Exact copies of the lines below, from the one with "MRAM with split read-write cell structures" up to and including the one with "Hallmarked 1911 Chester", are what this calls for; leave out pictures.

• Dataset excerpts:
══════════
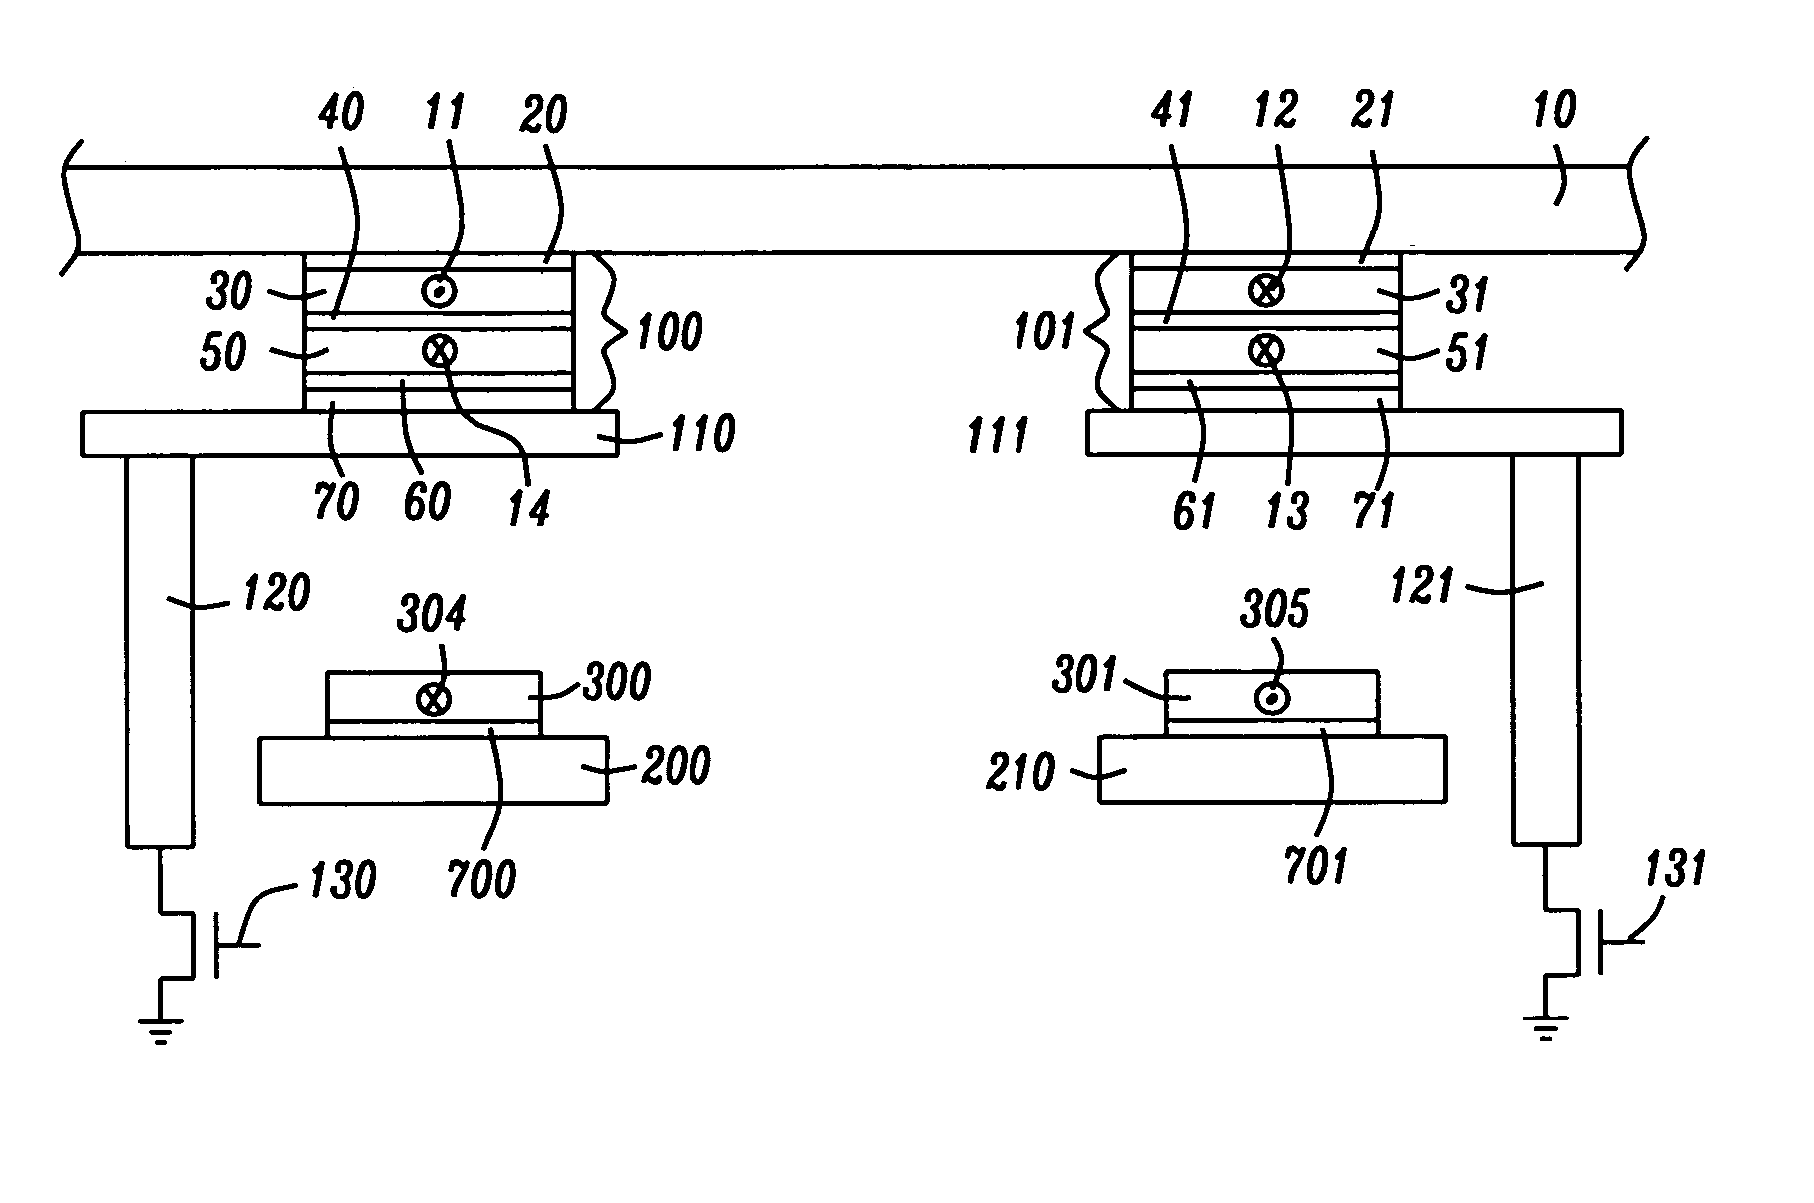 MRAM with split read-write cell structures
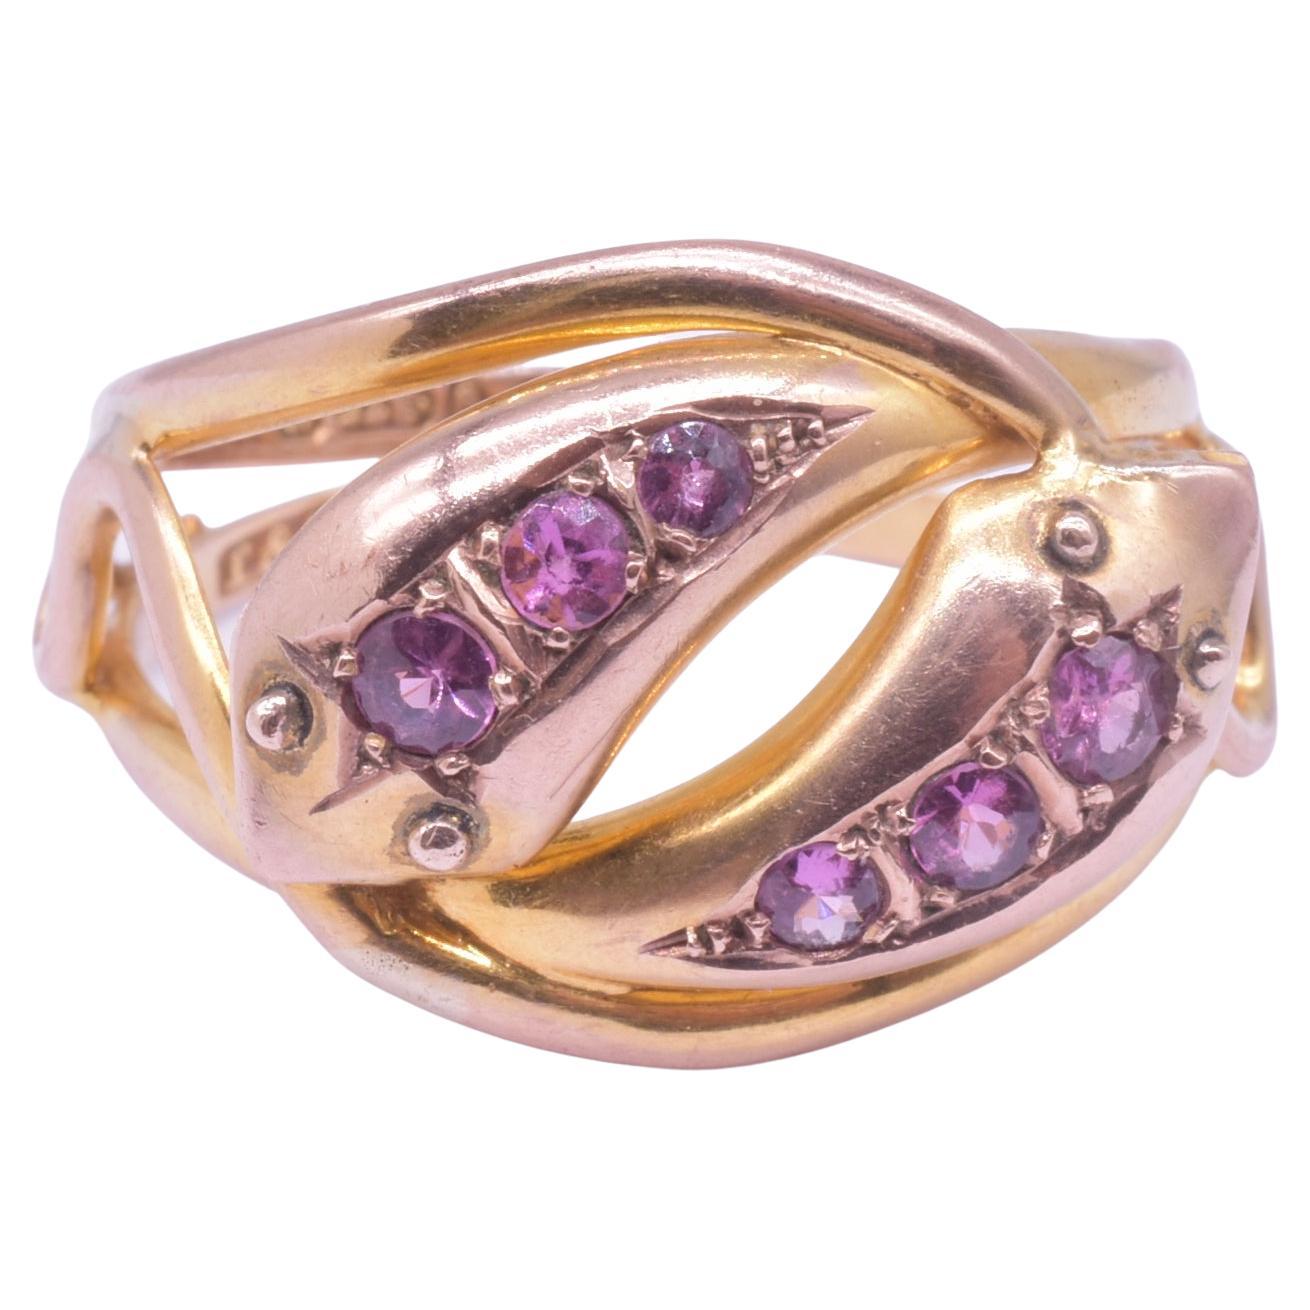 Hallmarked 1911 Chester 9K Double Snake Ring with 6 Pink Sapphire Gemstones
══════════
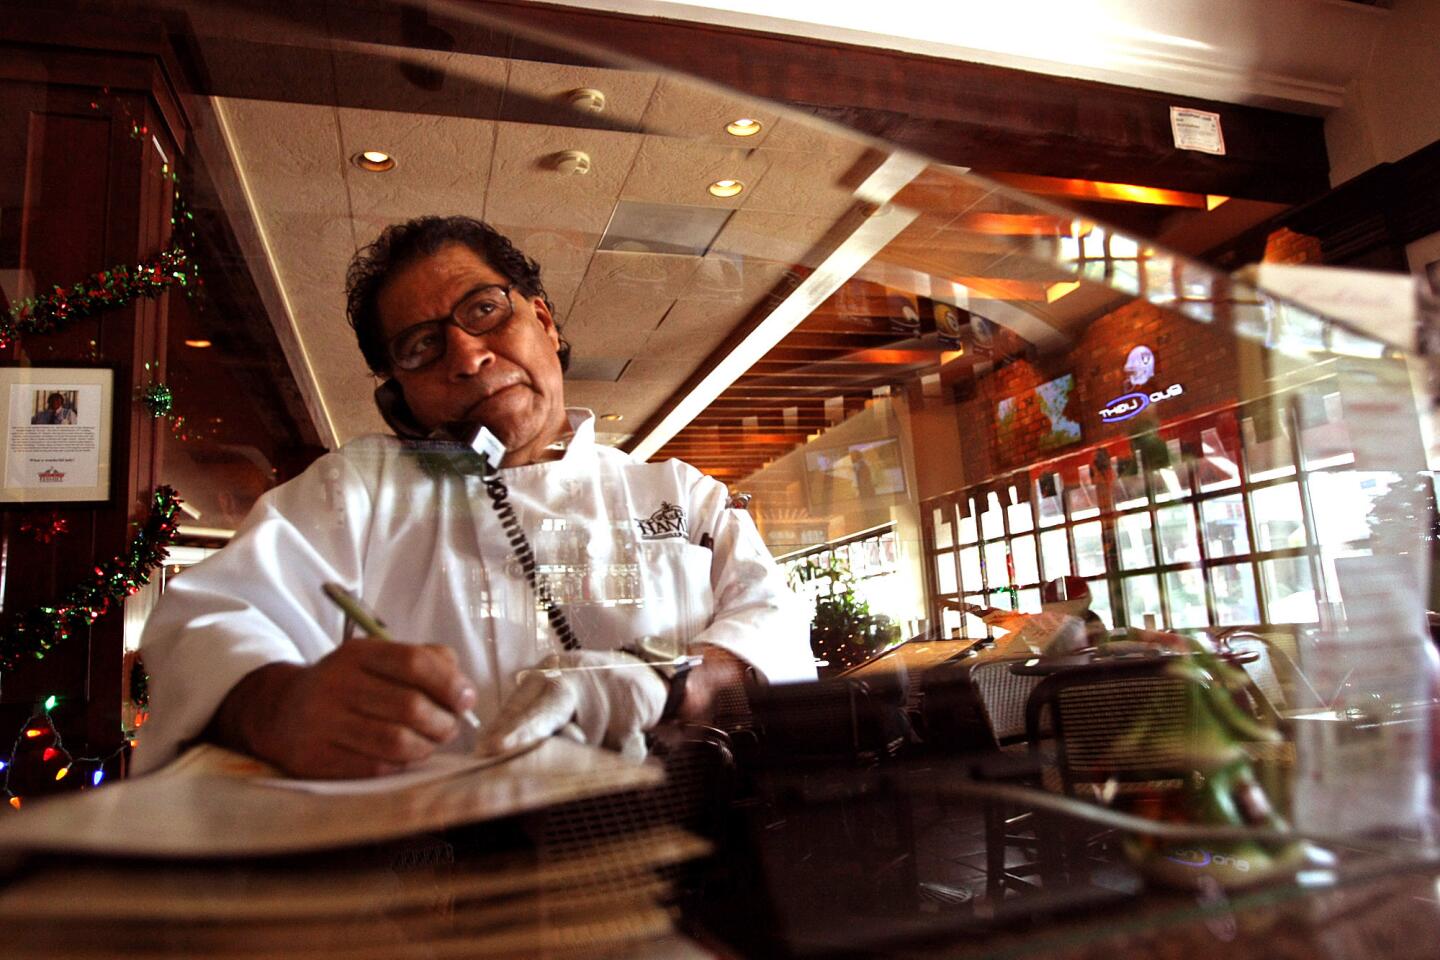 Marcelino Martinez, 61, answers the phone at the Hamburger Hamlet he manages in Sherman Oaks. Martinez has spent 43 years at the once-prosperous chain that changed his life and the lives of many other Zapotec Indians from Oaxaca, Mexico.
══════════
• Solution to the exercise:
 MRAM with split read-write cell structures
 Hallmarked 1911 Chester 9K Double Snake Ring with 6 Pink Sapphire Gemstones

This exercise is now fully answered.